* **What is needed**: An exact copy is all that is wanted: the lines from the one with "Rat Pack Tough" through the end of the listing below, both included, minus any pictures.

* **Data shown**:
......

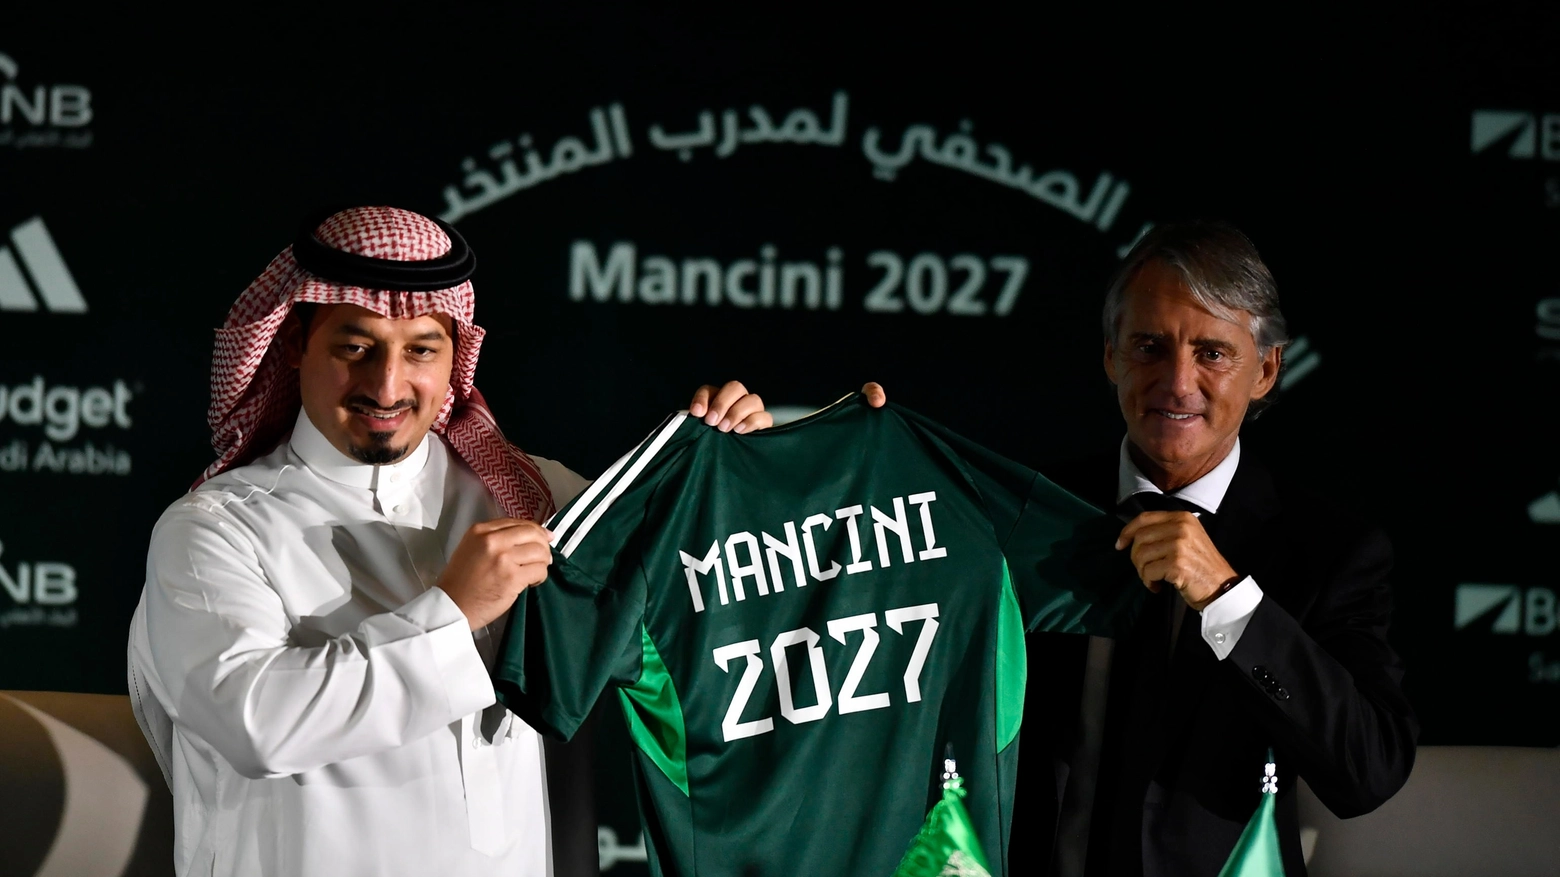 Roberto Mancini insieme a Yasser Al Misehal, presidente della federcalcio araba
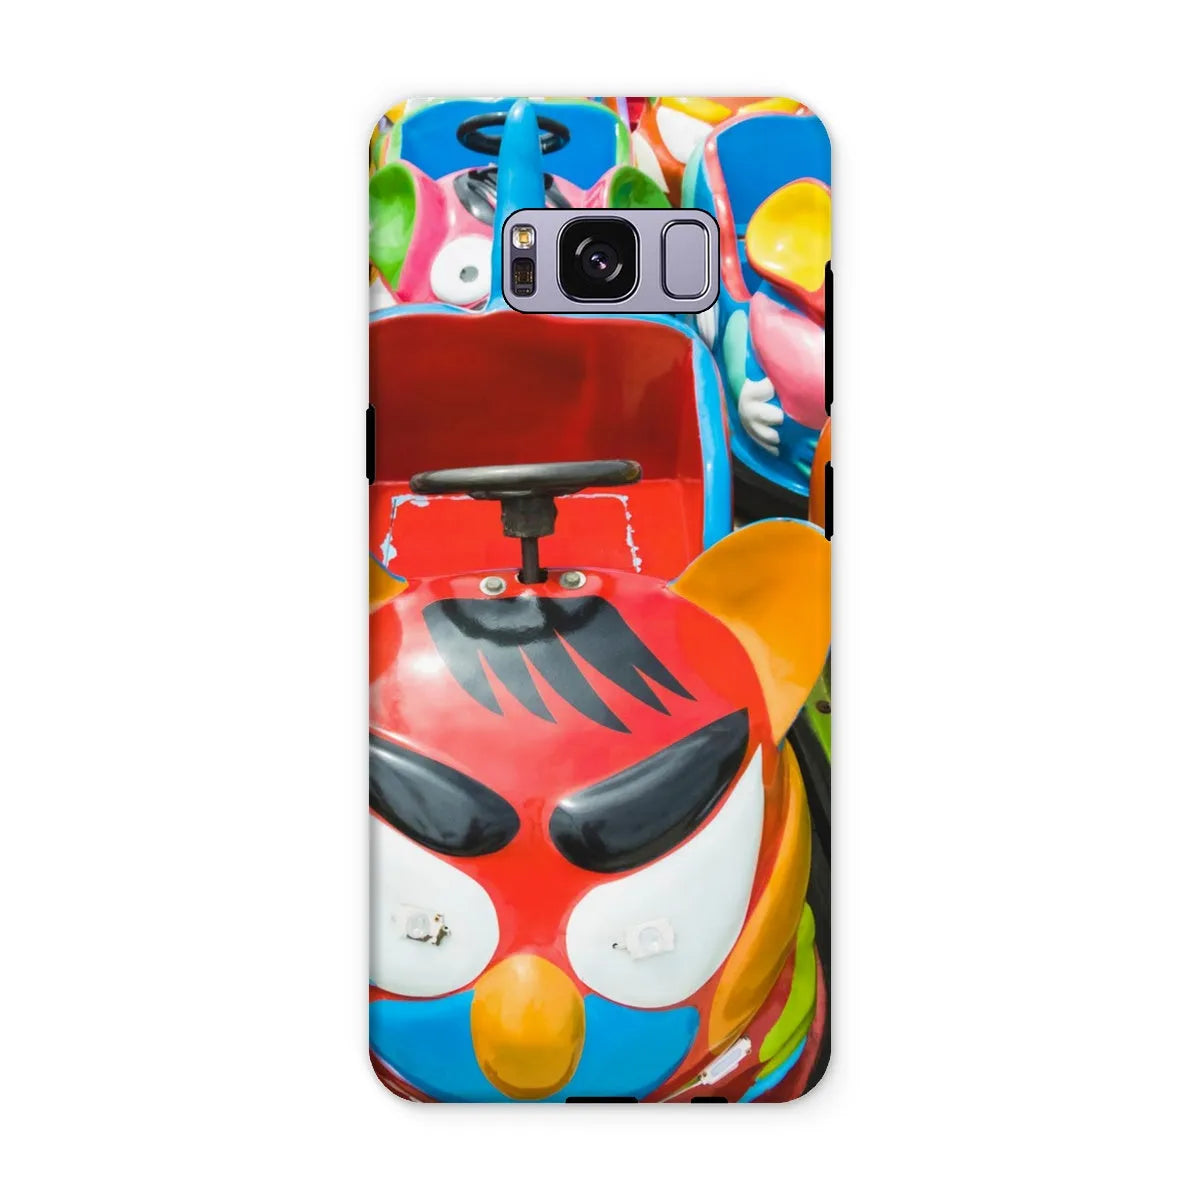 Rat Pack Tough Phone Case - Samsung Galaxy S8 Plus / Matte - Mobile Phone Cases - Aesthetic Art
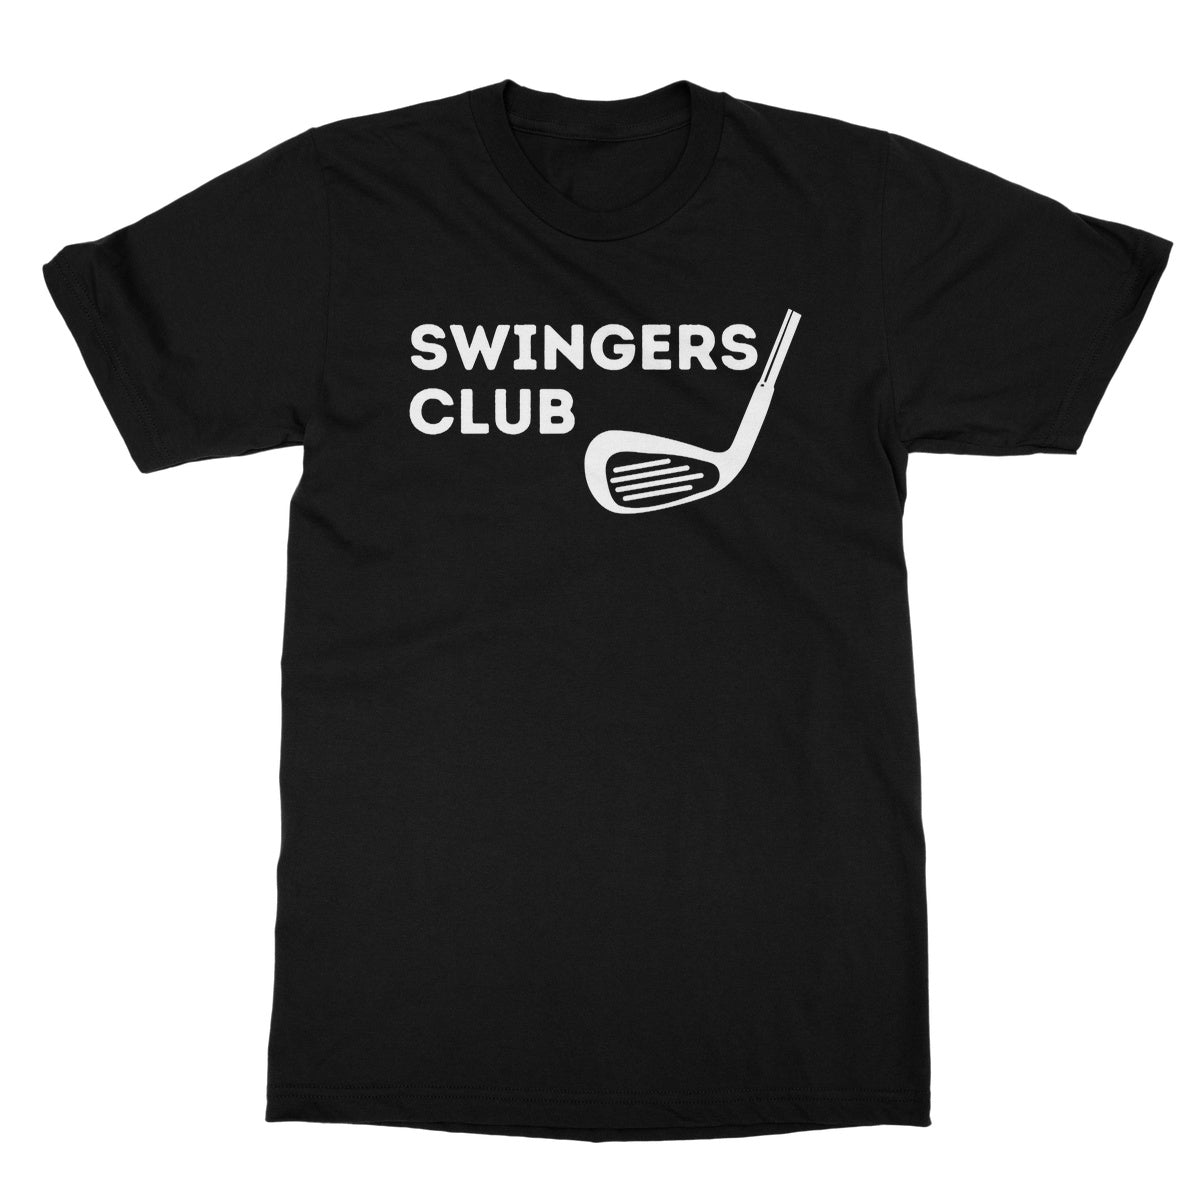 swingers club t shirt black

......

* **Exercise answer**:
 Rat Pack Tough Phone Case - Samsung Galaxy S8 Plus / Matte - Mobile Phone Cases - Aesthetic Art
 swingers club t shirt black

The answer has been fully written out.